Obwohl man nun die Klausuren des Examens analysiert hat, sollte man dies noch ein weiteres Mal tun, um wirklich sicher zu sein, in welchen Bereichen man noch schwerwiegende Fehler macht.
Danach sollte man reflektieren, wie die erste Examensvorbereitung ablief und den nächsten Versuch anders vorbereiten. Hat man also zum ersten Versuch alleine gelernt, sollte man nun überlegen einen Repetitor aufzusuchen oder eine Lerngruppe zu finden. War man hingegen zuvor bei einem kommerziellen Repetitorium, so kommt nun die Einzelvorbereitung in Betracht, die eventuell durch einen kostenpflichtigen Tutor unterstützt werden kann, der der Kontrolle dient. Wichtig ist nur, dass man sich anders vorbereitet, da sich die erste Lerntechnik offensichtlich als fehlerhaft herausgestellt hat.
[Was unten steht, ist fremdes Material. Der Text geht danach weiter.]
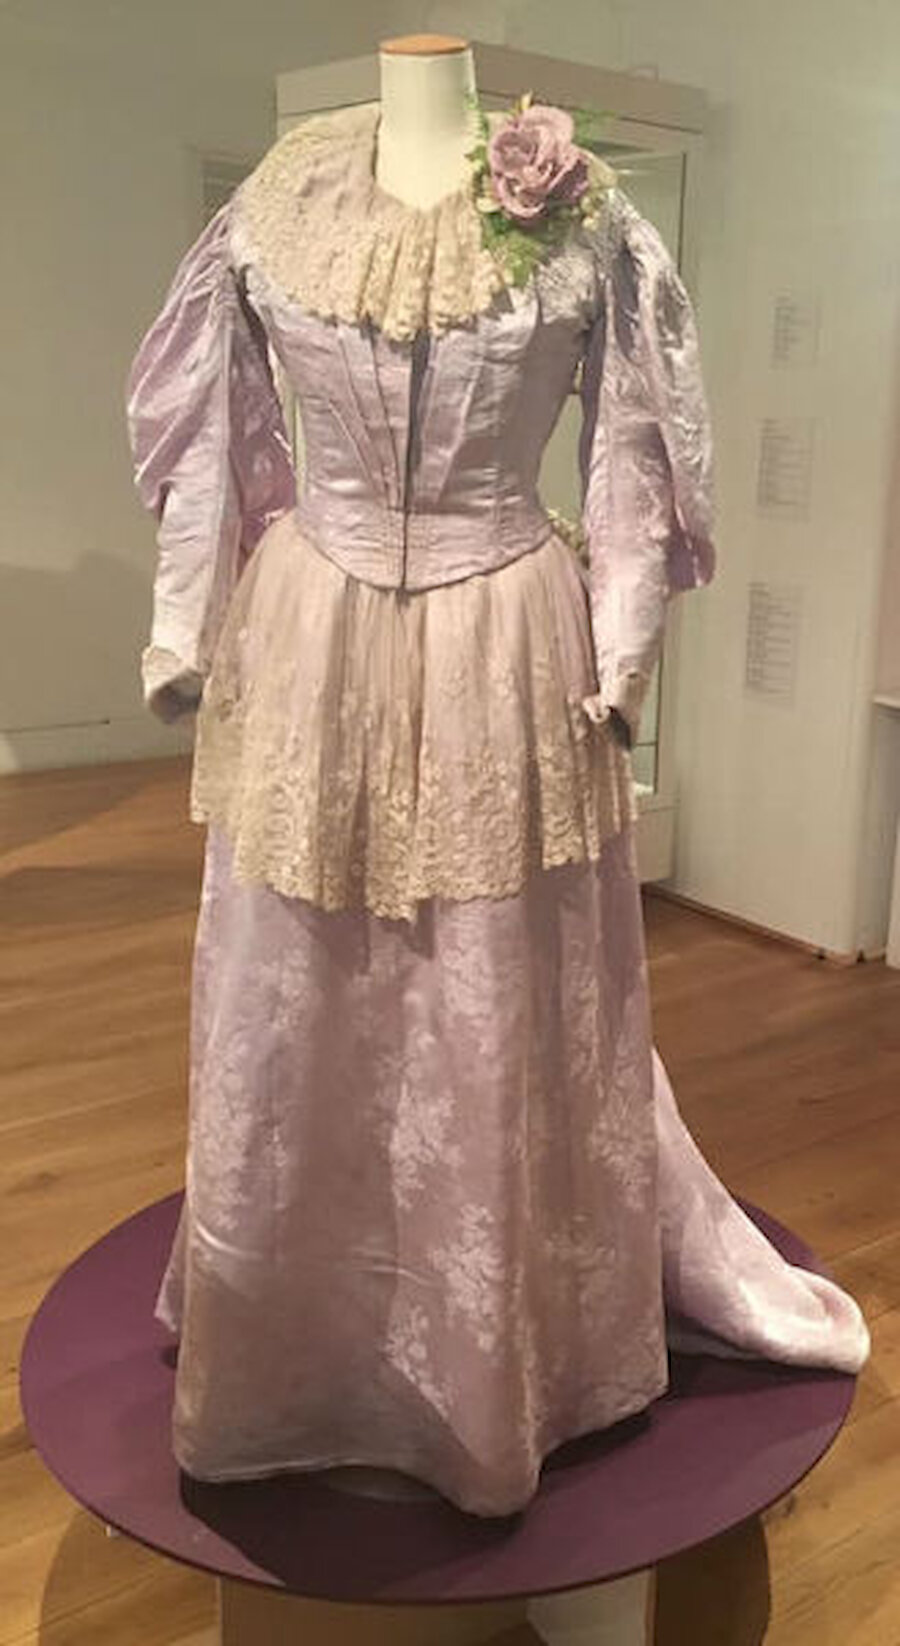 Sinclair Budge's dress in lavender silk (Courtesy Shetland Museum and Archives)

Der sechste Schritt: der zweite Versuch

Wenn alle diese Punkte geklärt sind, sollte man sich an die Vorbereitung des zweiten und damit letzten Versuchs machen. Man sollte sich ca. ein halbes Jahr bis eineinhalb Jahre für die erneute Vorbereitung Zeit nehmen. Sicherlich gibt es auch immer wieder Personen, die gleich in den nächsten Prüfungsgang gehen und diesen bestehen. Aber das Risiko ist recht hoch. Auf der anderen Seite sollte man auch nicht zu lange mit der Anmeldung warten, weil sonst ein Angstgefühl entwickelt werden könnte, das einen am zweiten Versuch innerlich hindert und blockiert. Anschließend sollte man sich gewissenhaft vorbereiten und die in den Examensgutachten monierten Fehler und Bereiche aufarbeiten. Auch die Bereiche, die man nicht so gerne mag, sollte man noch einmal ausführlich bearbeiten.
Wenn man meint, die Grundlagen und die Systematik verstanden zu haben, ist es Zeit für den zweiten Versuch! Und auch, wenn man Jura unendlich lange vorbereiten könnte, wird dieser Zeitpunkt kommen. Wichtig ist nur, dass man zu sich selbst ehrlich und für die Leistung objektiv ist.

Ich wünsche allen für ihren zweiten Versuch viel Kraft, Erfolg und Durchhaltevermögen!